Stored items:
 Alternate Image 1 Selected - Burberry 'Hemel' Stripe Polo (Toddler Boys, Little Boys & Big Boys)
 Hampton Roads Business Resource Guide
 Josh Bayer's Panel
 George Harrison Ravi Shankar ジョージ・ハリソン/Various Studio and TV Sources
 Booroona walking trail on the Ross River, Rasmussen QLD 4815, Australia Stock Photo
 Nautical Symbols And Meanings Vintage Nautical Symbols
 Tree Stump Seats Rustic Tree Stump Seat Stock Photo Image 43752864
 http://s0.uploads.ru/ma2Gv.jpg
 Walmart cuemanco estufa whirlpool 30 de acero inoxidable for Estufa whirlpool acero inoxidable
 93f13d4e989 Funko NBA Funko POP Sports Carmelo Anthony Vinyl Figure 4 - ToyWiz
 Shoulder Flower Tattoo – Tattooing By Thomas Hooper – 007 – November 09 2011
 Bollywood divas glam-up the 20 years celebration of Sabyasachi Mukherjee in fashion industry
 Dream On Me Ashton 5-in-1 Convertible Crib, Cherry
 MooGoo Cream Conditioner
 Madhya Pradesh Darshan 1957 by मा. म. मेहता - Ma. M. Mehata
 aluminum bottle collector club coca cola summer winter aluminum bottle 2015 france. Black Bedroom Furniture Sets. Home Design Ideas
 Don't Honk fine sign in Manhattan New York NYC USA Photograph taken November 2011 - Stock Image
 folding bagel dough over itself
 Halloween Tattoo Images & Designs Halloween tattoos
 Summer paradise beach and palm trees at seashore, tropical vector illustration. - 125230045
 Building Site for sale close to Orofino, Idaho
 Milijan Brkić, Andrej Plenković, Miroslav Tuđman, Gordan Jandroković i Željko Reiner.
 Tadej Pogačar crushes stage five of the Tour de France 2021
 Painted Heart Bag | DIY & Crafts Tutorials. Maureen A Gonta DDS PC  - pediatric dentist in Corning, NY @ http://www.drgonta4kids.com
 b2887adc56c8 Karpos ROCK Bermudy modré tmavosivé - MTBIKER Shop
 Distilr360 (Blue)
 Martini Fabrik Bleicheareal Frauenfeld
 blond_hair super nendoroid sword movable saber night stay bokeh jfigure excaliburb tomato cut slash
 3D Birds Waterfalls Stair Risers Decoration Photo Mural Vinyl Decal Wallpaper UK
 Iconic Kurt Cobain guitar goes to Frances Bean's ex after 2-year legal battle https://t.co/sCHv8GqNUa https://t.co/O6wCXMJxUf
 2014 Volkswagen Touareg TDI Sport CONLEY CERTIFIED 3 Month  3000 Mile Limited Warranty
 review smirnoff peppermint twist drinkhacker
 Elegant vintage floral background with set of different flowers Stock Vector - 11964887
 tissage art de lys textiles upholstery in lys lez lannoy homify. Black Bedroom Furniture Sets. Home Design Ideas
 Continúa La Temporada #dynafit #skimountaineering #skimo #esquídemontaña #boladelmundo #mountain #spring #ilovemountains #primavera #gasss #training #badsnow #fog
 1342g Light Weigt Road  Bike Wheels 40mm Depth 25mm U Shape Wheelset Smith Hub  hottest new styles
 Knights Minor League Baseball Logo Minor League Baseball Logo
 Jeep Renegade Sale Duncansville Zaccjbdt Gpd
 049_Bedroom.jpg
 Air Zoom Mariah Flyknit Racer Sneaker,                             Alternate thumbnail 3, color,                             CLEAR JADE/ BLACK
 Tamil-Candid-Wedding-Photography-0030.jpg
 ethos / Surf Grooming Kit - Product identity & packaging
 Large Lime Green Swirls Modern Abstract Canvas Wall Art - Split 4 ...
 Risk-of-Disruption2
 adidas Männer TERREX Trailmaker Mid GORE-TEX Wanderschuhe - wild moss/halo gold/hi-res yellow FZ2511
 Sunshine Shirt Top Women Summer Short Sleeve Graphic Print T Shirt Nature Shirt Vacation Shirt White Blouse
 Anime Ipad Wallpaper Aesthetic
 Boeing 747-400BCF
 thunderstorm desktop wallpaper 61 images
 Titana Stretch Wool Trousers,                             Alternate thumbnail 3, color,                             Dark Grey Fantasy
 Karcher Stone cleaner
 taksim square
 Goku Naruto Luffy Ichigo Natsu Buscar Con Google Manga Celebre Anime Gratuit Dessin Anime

> [EXERCISE REQUIREMENTS] Search the records above for the string "November". Copy every line that contains it.

> [EXERCISE ANSWER]
 Shoulder Flower Tattoo – Tattooing By Thomas Hooper – 007 – November 09 2011
 Don't Honk fine sign in Manhattan New York NYC USA Photograph taken November 2011 - Stock Image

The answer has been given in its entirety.